Anlaşılıyor ki, başörtüsü yasağının kaldırılması sadece kanun değiştirmekle, yönetmelik çıkarmakla, yeni anayasa yapmakla mümkün olmayacak..Değişik ortamlarda, farklı mekanlarda, başörtüsü düşmanları boş durmayacak, bulundukları mevkileri ve makamları başörtülülere kapatmaya devam edecekler.
Ülkede bir zihniyet devrimi, bir zihniyet değişimi şarttır. O da bir süreç gerektirecektir. Artık ülkemin insanları, .çobanından profesörüne kadar herkes başörtüsünün korkulacak bir kıyafet olmadığını, aksine atalarımızın, annelerimizin tarih boyunca kullandığı milli ve dini kıyafetimiz olduğunu anlamalılar. Kadınlarımız da öncelikle bilinçlenmelidir. Haklarını bilmeli, haksızlıklara başkaldırmalı, neden ve niçin örtündüğünün farkında olmalıdır. Kafaların dışları değil, kafaların içleri önemlidir. Kafalarının içi boş ancak saçları örtülü bilinçsiz kadınların yanında, kafalarının içi ilim ve irfanla dolu, dinin özünü yaşayan ancak başları açık nice bilinçli kadınlar bilirim. Biz din hocalarına düşen görev, eğip bükmeden tesettürün ve başörtüsünün farziyyetini ve önemini insanımıza anlatmak, insanlarımızı şuurlandırmaktır. Siyasetlerimize düşen görev, kırmadan, dökmeden, ürkütmeden, gerekirse konsensüs sağlayarak mevzuattaki yasakları kaldırmak, özgürlüklerin sınırlarını genişletmek, insan haklarını kısıtlayan kanunları ayıklayıp özgürlüklerin önünü açan yasaları çıkarmak.
Bürokrasiye düşen görev ise, halkın kültürel değerlerine saygı duymak, siyasetçilerin çıkardığı kanunları uygulamak, vesayetçi bir anlayıştan uzak durmak, halkın parasıyla o makamlarda oturduğunu bilmek ve halkın hizmetkarı olmaktır.

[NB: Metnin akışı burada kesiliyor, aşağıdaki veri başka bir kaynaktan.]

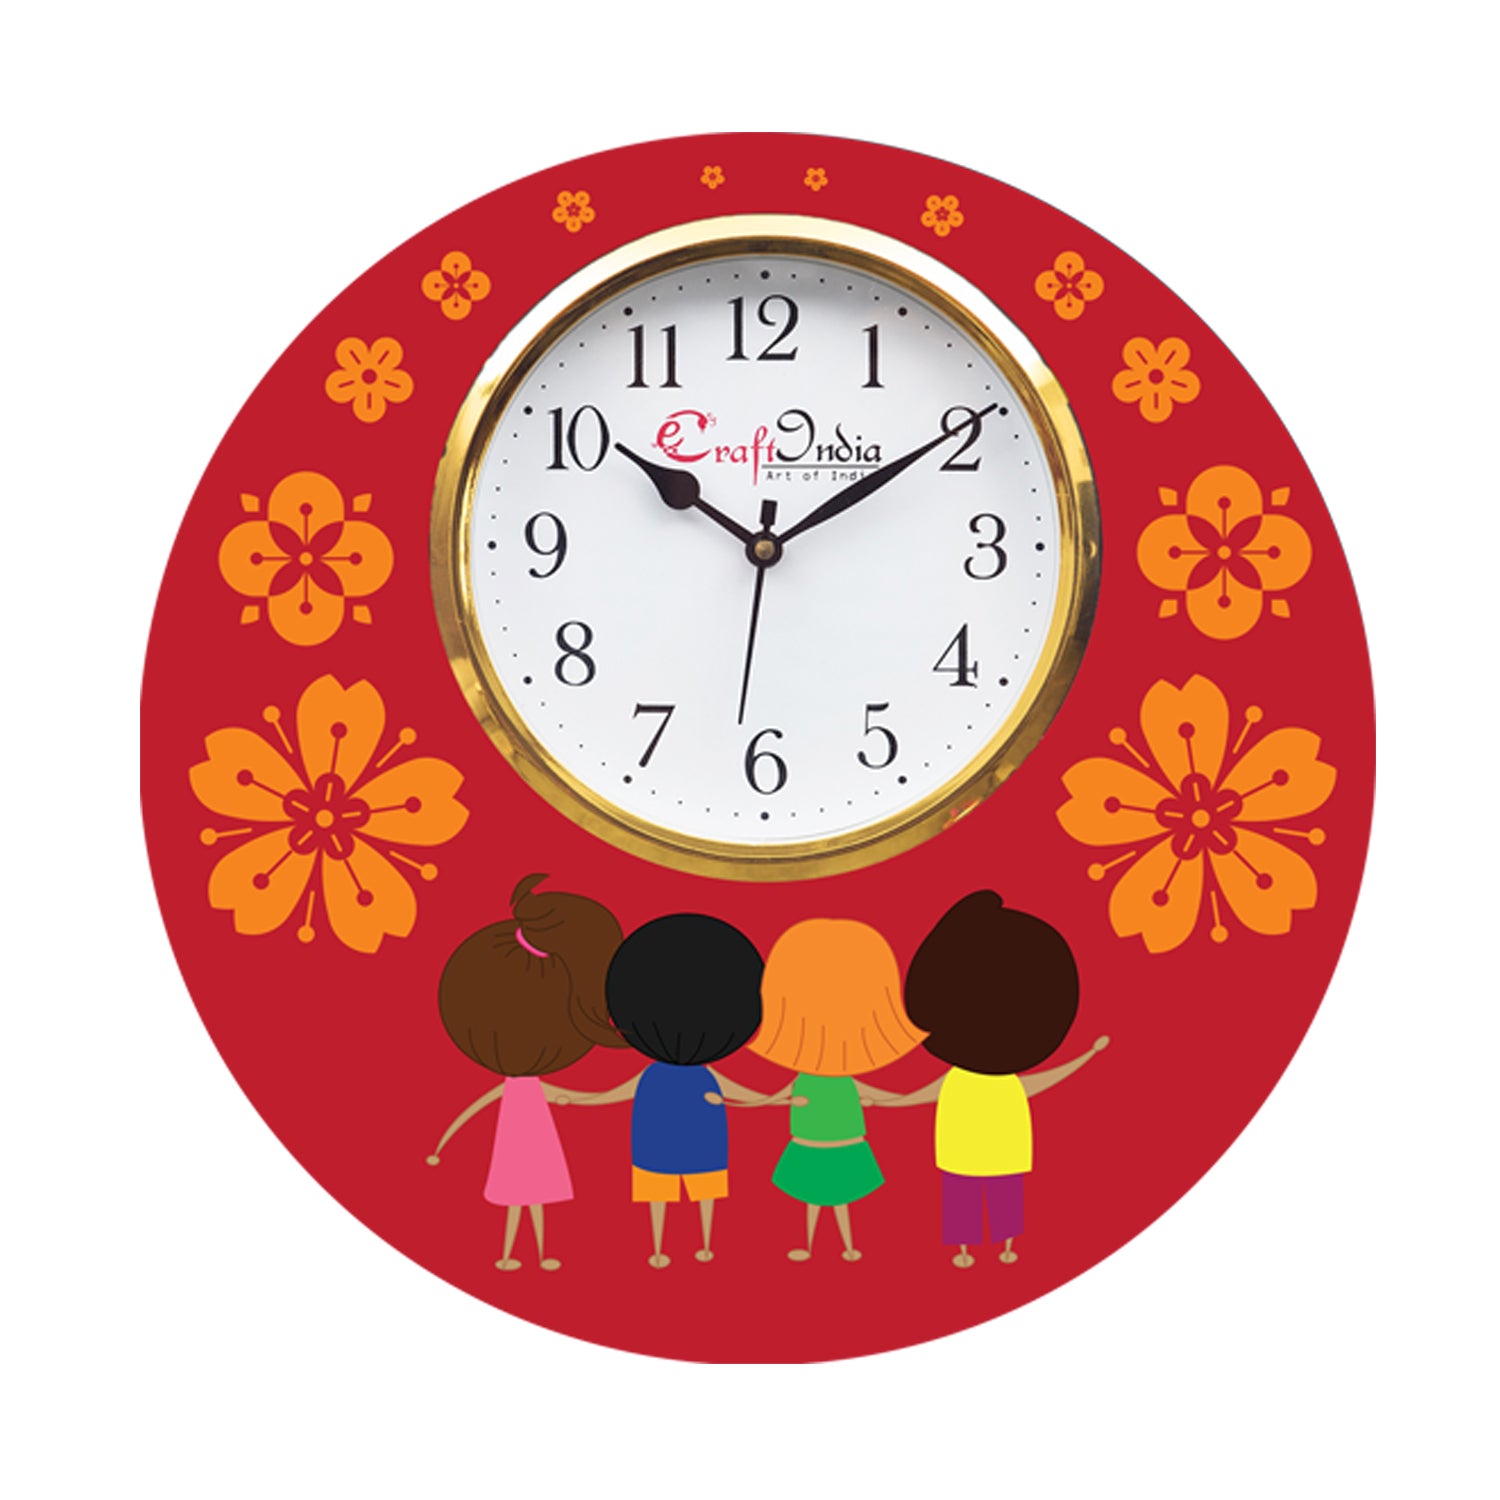 Friendship Theme Wooden Colorful Round Wall Clock

Artık ülkemizin insanı, siyasetçilerimiz ve medyamız, farklı konularla meşgul olmalı, başörtüsü konusu insanların bireysel tercihlerine bırakılmalıdır. Siyasetçi ve bürokrasi yasakları değil, özgürlükleri savunmalıdır. Yasakçıların, vesayetçilerin ve halka tepeden bakanların nüfus kayıtları eskimiştir. Dünya özgürlüklere doğru koşmaktadır. Tarih boyunca bütün başkaldırılar, isyanlar, bölünmeler, terör ve kargaşalar hep baskıdan, yasakçılıktan, bağnazlıktan, dikta yönetimlerden çıkmıştır. Ak Parti hükümeti bu gerçeği görmüştür ama diğer çevrelere gösterememiştir.